$BNSBullishMed

2 Canadian Dividend Giants to Buy With Rates on Hold

The article says the Bank of Canada is likely to keep interest rates on hold through year-end if inflation and growth stay steady, with some analysts expecting possible upside risk to inflation. It highlights Bank of Nova Scotia (BNS) near $110 and yielding about 4%, citing turnaround progress and ROE/earnings gains. It also notes Manulife (MFC) raised its dividend 10% and benefited from higher rates and strong wealth/international results, including 18% core earnings growth in Asia in 2025 vs.

8/10
Med
Bullish
Near-term positioning around the Bank of Canada’s expected “rates on hold” path through year-end.
Income/defensive rotation into dividend payers consistent with a stable-rate narrative.

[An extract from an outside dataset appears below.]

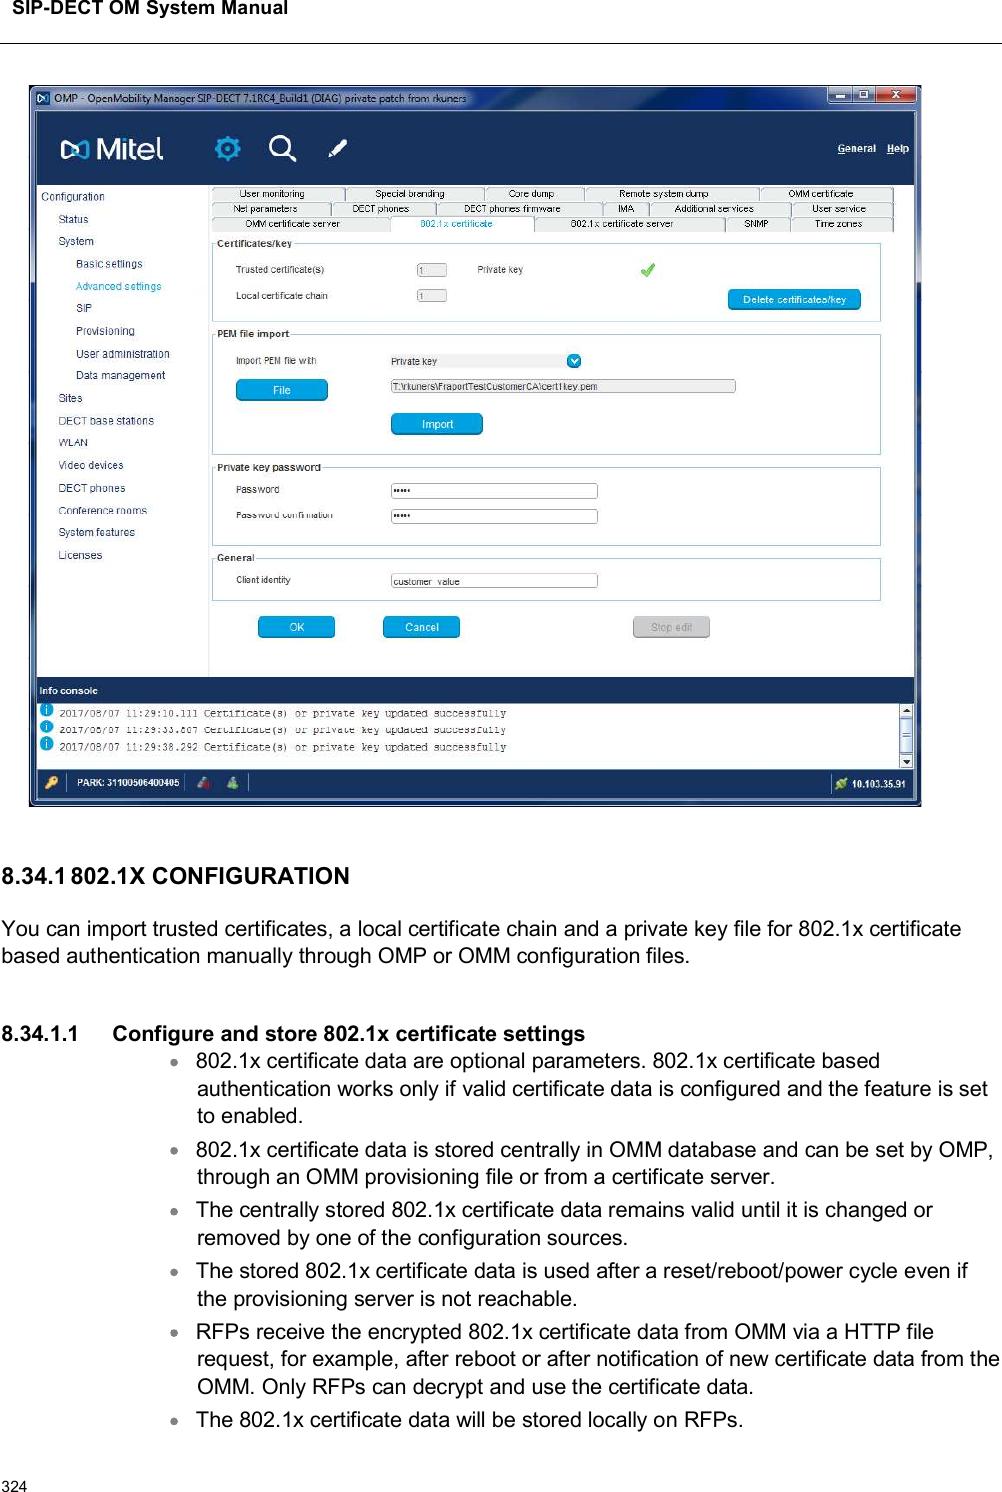 SIP-DECT OM System Manual3248.34.1 802.1X CONFIGURATIONYou can import trusted certificates, a local certificate chain and a private key file for 802.1x certificate based authentication manually through OMP or OMM configuration files.8.34.1.1 Configure and store 802.1x certificate settings802.1x certificate data are optional parameters. 802.1x certificate based authentication works only if valid certificate data is configured and the feature is set to enabled.802.1x certificate data is stored centrally in OMM database and can be set by OMP, through an OMM provisioning file or from a certificate server.The centrally stored 802.1x certificate data remains valid until it is changed or removed by one of the configuration sources.The stored 802.1x certificate data is used after a reset/reboot/power cycle even if the provisioning server is not reachable.RFPs receive the encrypted 802.1x certificate data from OMM via a HTTP file request, for example, after reboot or after notification of new certificate data from the OMM. Only RFPs can decrypt and use the certificate data.The 802.1x certificate data will be stored locally on RFPs.

Rate-stable backdrop plus turnaround/ROE improvement is framed as supportive for BNS dividend and upside.

Article highlights Scotia’s turnaround progress and stake in KeyCorp, arguing steady-to-higher rates support bank net interest margins and ROE.

Bias toward modest upside/defensive performance if rates stay on hold; downside risk if rates rise sharply and credit costs jump.

Background

The article frames a scenario where the Bank of Canada keeps rates on hold through year-end, with investors seeking dividend stability and long-term capital gains.

Why it matters

For BNS, steady rates are argued to help variable-rate borrowers plan and support NIM, while turnaround actions and ROE improvements provide company-specific tailwinds. For MFC, elevated rates are argued to boost returns on policy reserves and support dividend growth, alongside ongoing wealth management and international earnings momentum.

Market relevance

This is primarily a macro-to-sector setup (rates on hold) with company-specific dividend/turnaround highlights for BNS and MFC.

Market effects

Supports a broader “higher-for-longer or stable rates” bullish read-through for Canadian banks and insurers via NIM and reinvestment yields.

Could reinforce TSX dividend/financials bid if Canadian rates expectations remain anchored.

US/Canada rate dynamics and insurer asset-liability returns can spill into global financials sentiment.

Alternative perspectives

If inflation re-accelerates and rates rise faster than expected, credit losses and policyholder behavior could offset NIM/asset-yield benefits.

The article doesn’t quantify credit quality, duration/hedging risk, or how much of dividend growth is sustainable under different rate paths.

Key entities

  • Bank of Canada

    Expected to keep interest rates on hold through the end of the year if inflation doesn’t surge.

  • KeyCorp

    BNS purchased a 14.9% stake, cited as part of its turnaround and capital redeployment.